- [DATA SECTION]
....................

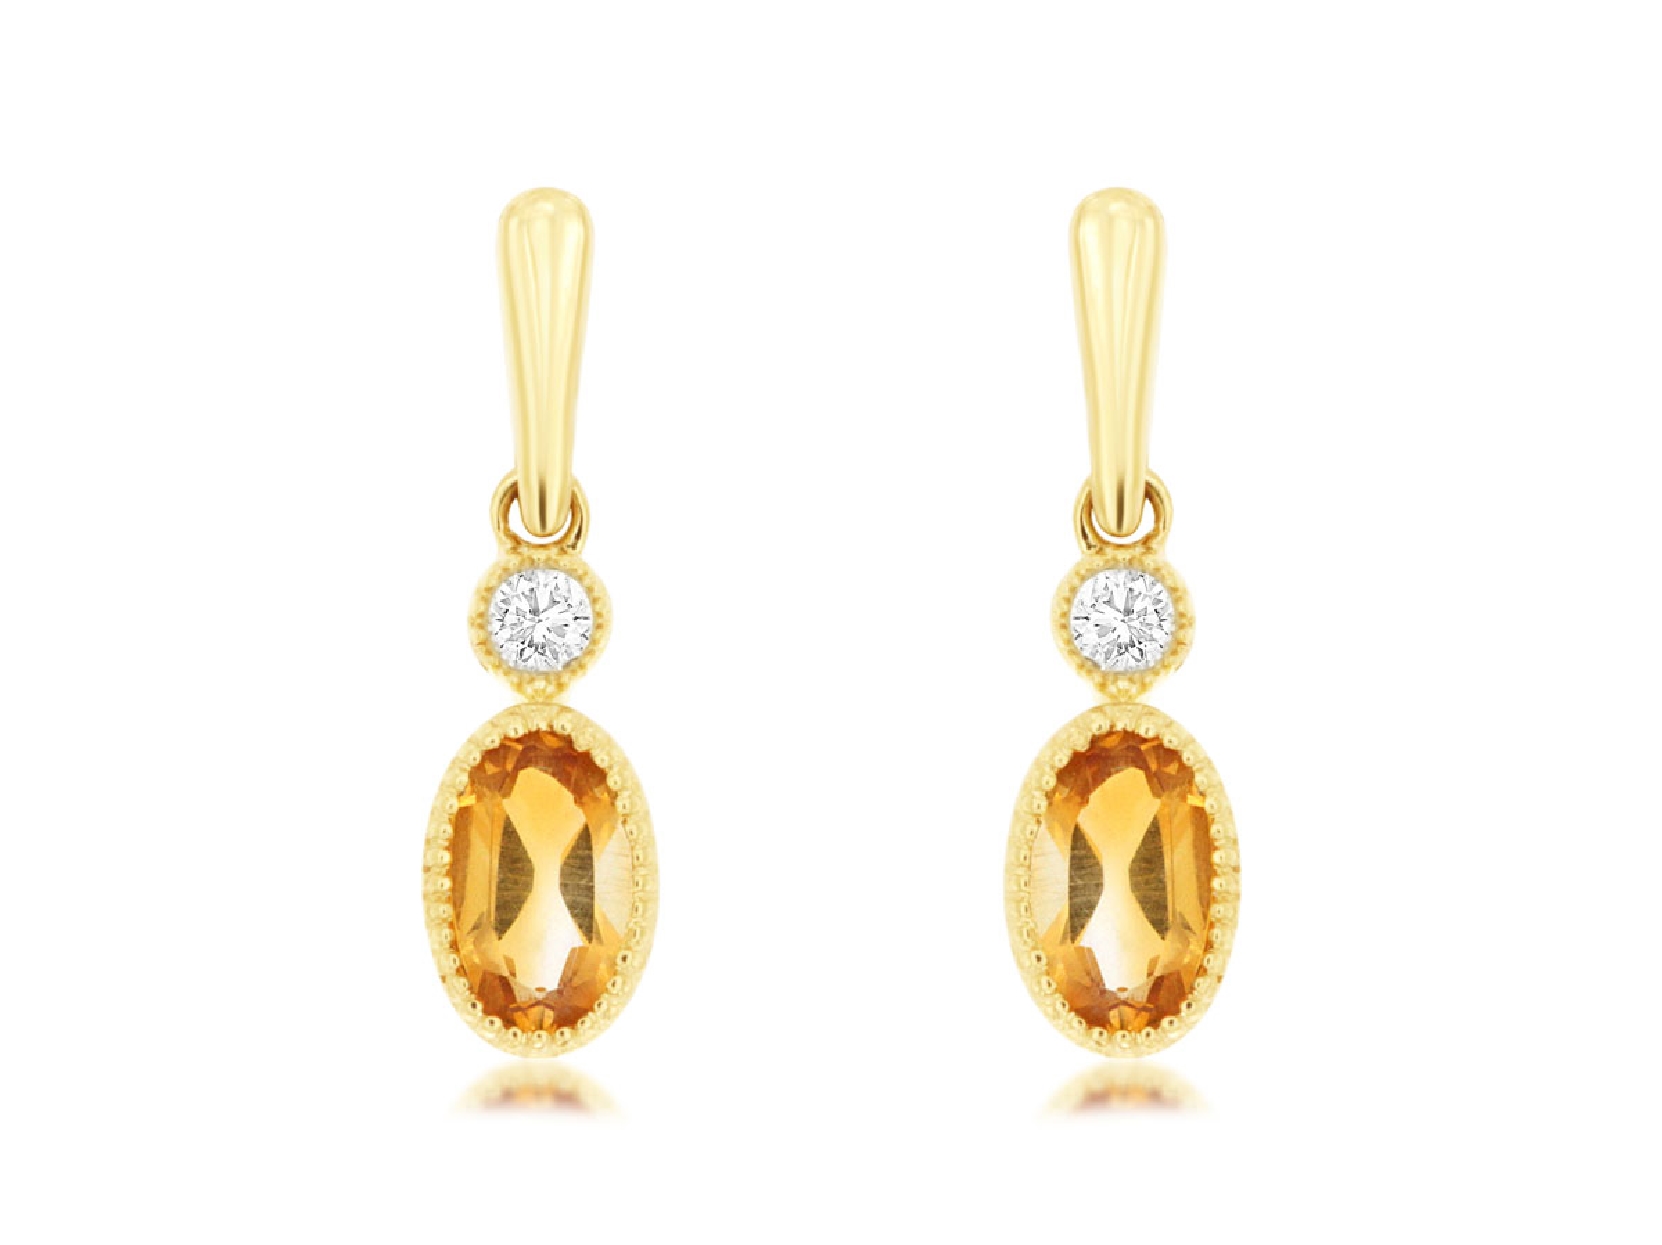 14K Yellow Gold Citrine Drop Earrings with Diamond Accent
0.25CTTW Citrine
0.05CTTW Diamonds
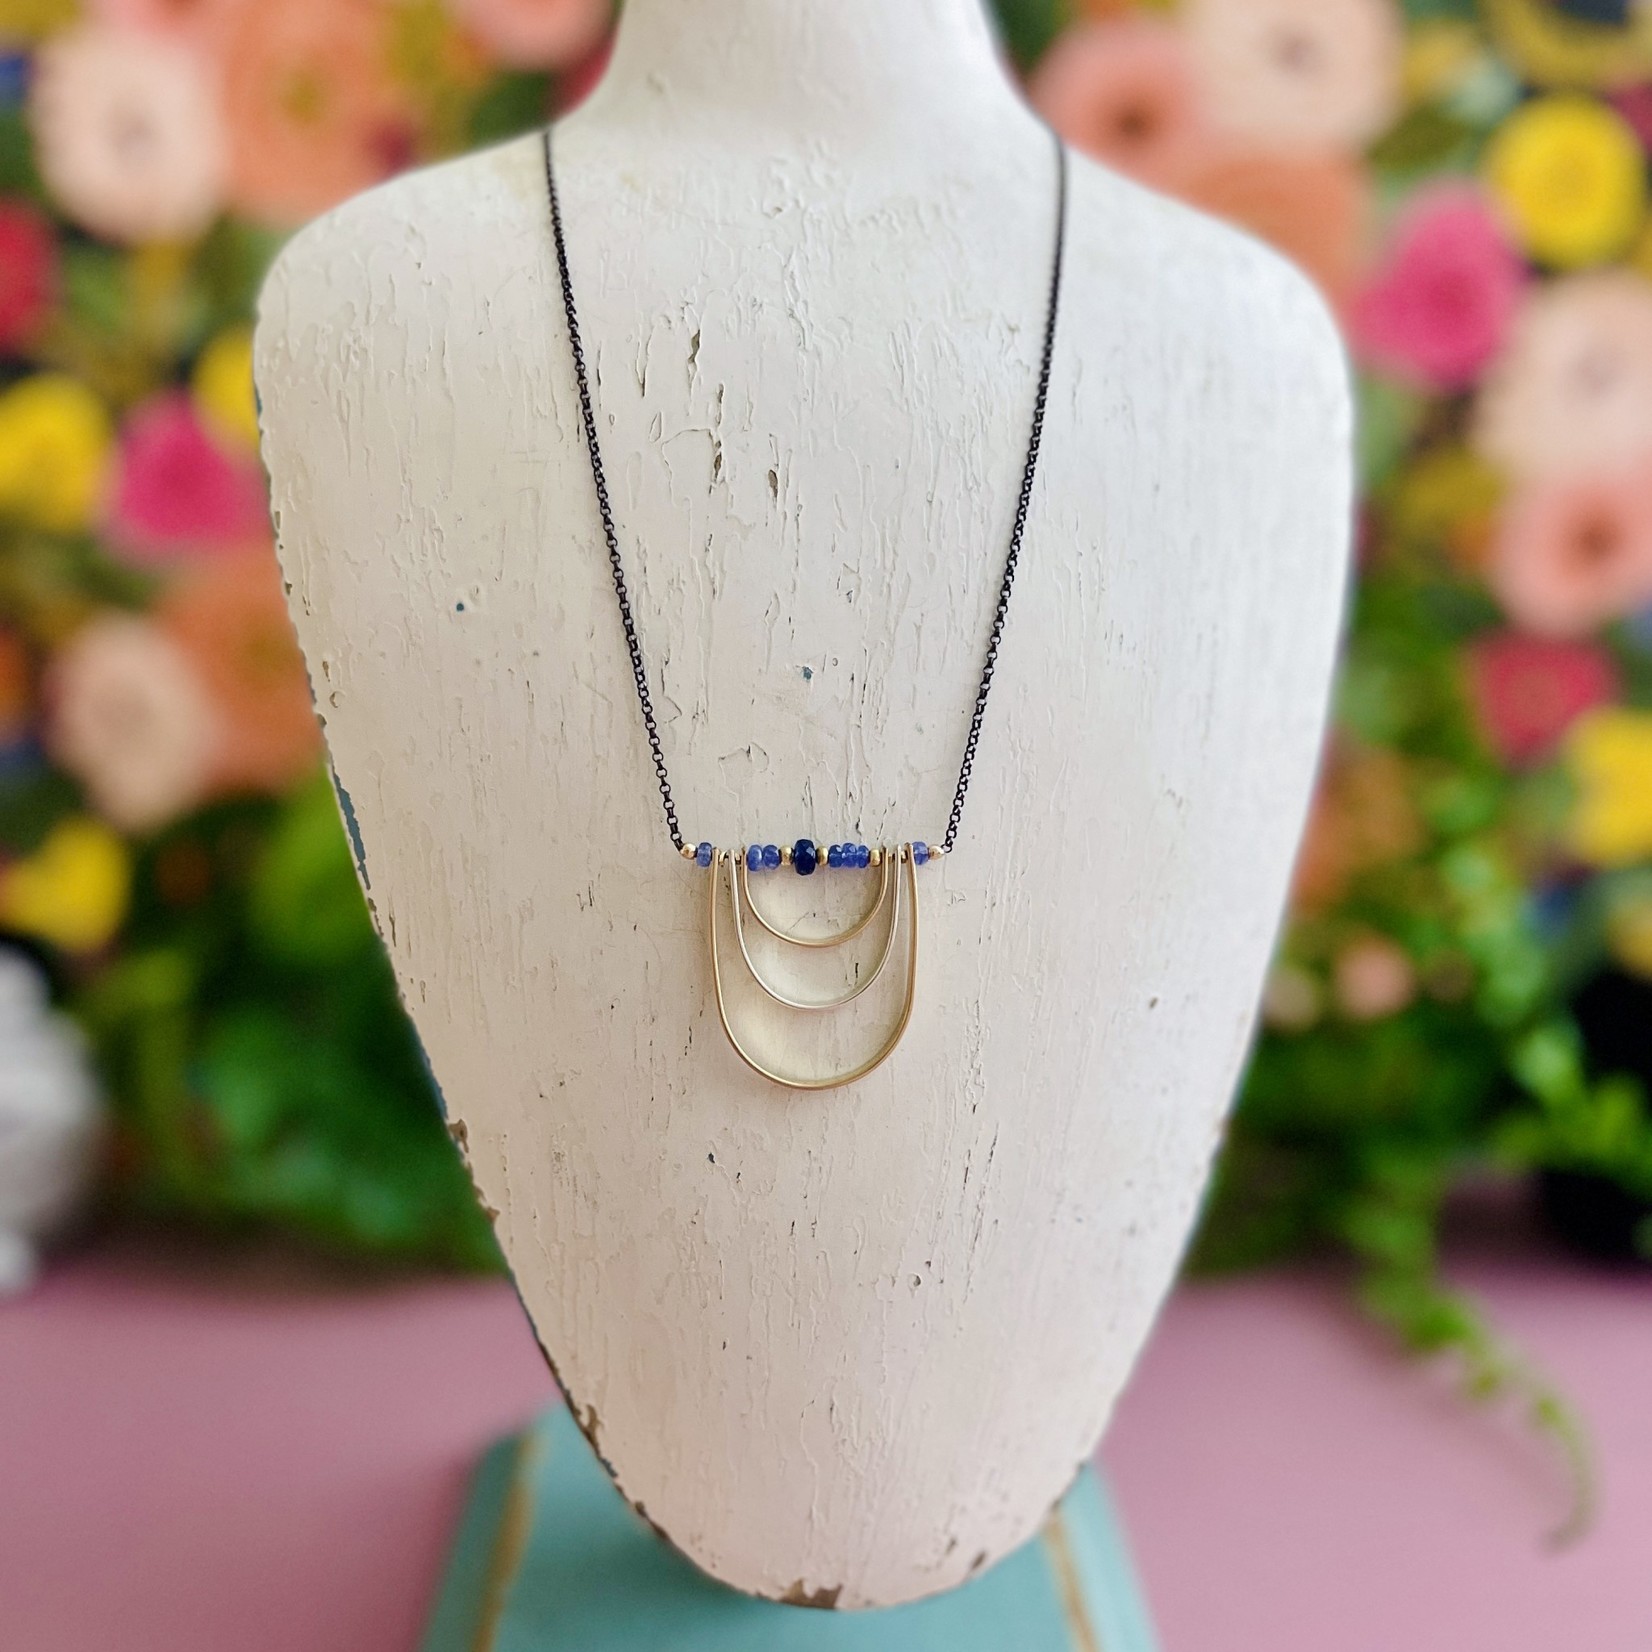 J&I Handmade Tanzanite, blue sapphire, 14kt gold filled + sterling curve necklace. 18"L

....................

- [WORK INSTRUCTION]
Reproduce exactly the lines from the one with "0.05CTTW Diamonds" to the bottom of the listing, both ends included, and nothing else. Skip the pictures.

- [TASK ANSWER]
0.05CTTW Diamonds
 J&I Handmade Tanzanite, blue sapphire, 14kt gold filled + sterling curve necklace. 18"L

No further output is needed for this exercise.